● **Task item**: Scan the lines below for the word "Oval". Copy each line you find it in.

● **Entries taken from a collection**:

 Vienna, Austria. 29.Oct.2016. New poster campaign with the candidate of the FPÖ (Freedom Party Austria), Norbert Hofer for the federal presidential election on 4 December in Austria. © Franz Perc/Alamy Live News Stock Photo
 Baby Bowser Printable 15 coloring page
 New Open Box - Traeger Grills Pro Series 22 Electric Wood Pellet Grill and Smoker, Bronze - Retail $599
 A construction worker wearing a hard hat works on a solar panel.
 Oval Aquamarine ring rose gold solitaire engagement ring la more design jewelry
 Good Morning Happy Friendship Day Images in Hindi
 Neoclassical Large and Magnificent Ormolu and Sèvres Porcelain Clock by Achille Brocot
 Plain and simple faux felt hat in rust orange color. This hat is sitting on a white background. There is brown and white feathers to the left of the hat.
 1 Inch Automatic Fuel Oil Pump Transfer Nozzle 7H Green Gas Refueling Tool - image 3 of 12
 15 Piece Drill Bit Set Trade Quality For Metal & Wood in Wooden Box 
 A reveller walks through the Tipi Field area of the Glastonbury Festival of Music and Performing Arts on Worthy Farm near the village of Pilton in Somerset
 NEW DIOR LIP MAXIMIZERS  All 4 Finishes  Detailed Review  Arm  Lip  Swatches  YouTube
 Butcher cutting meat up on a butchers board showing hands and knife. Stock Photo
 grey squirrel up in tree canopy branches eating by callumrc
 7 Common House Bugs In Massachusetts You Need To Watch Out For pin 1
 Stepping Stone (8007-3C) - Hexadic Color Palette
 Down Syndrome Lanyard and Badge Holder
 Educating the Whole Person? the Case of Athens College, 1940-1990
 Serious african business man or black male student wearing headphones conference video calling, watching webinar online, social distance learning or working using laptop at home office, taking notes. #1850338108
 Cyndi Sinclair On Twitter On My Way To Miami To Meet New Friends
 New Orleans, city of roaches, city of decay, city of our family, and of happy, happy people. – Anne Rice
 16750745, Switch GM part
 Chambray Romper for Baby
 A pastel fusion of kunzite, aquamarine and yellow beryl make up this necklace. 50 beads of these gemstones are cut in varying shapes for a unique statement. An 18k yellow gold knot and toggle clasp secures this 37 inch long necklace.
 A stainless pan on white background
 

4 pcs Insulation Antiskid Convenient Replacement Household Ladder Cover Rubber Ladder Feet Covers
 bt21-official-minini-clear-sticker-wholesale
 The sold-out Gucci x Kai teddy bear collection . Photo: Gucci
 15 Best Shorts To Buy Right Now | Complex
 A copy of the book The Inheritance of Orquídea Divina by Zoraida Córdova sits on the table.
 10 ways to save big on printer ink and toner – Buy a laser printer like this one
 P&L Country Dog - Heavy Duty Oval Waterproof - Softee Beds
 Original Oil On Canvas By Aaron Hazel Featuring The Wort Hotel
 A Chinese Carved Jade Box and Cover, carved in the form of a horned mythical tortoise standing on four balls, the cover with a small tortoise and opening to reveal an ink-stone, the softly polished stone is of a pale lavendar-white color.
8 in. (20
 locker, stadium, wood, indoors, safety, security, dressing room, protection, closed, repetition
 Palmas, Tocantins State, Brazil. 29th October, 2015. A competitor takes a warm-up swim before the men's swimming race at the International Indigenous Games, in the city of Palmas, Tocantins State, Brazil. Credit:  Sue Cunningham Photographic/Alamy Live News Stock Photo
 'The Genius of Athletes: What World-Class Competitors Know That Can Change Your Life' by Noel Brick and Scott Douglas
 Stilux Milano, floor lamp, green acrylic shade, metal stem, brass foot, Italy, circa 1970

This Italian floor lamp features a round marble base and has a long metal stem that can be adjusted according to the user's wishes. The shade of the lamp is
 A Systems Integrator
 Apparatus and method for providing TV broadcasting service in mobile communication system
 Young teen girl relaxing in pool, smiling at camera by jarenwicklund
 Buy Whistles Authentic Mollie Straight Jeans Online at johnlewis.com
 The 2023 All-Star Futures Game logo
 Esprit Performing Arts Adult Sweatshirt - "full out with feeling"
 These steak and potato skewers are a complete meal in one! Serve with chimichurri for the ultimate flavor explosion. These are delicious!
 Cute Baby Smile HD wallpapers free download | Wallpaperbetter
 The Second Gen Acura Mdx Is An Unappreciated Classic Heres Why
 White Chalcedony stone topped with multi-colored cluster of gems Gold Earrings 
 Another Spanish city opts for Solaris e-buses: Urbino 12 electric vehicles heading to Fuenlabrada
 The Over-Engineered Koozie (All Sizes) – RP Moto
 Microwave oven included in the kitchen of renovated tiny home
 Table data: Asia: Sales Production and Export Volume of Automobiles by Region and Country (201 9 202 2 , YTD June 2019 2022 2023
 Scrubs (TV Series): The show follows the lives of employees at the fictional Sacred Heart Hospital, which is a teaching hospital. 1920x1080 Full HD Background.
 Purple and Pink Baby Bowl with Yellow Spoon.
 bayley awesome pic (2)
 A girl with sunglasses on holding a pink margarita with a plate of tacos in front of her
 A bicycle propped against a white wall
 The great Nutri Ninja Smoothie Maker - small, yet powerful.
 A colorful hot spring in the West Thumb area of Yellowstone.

● **Answer to the exercise**:
 Oval Aquamarine ring rose gold solitaire engagement ring la more design jewelry
 P&L Country Dog - Heavy Duty Oval Waterproof - Softee Beds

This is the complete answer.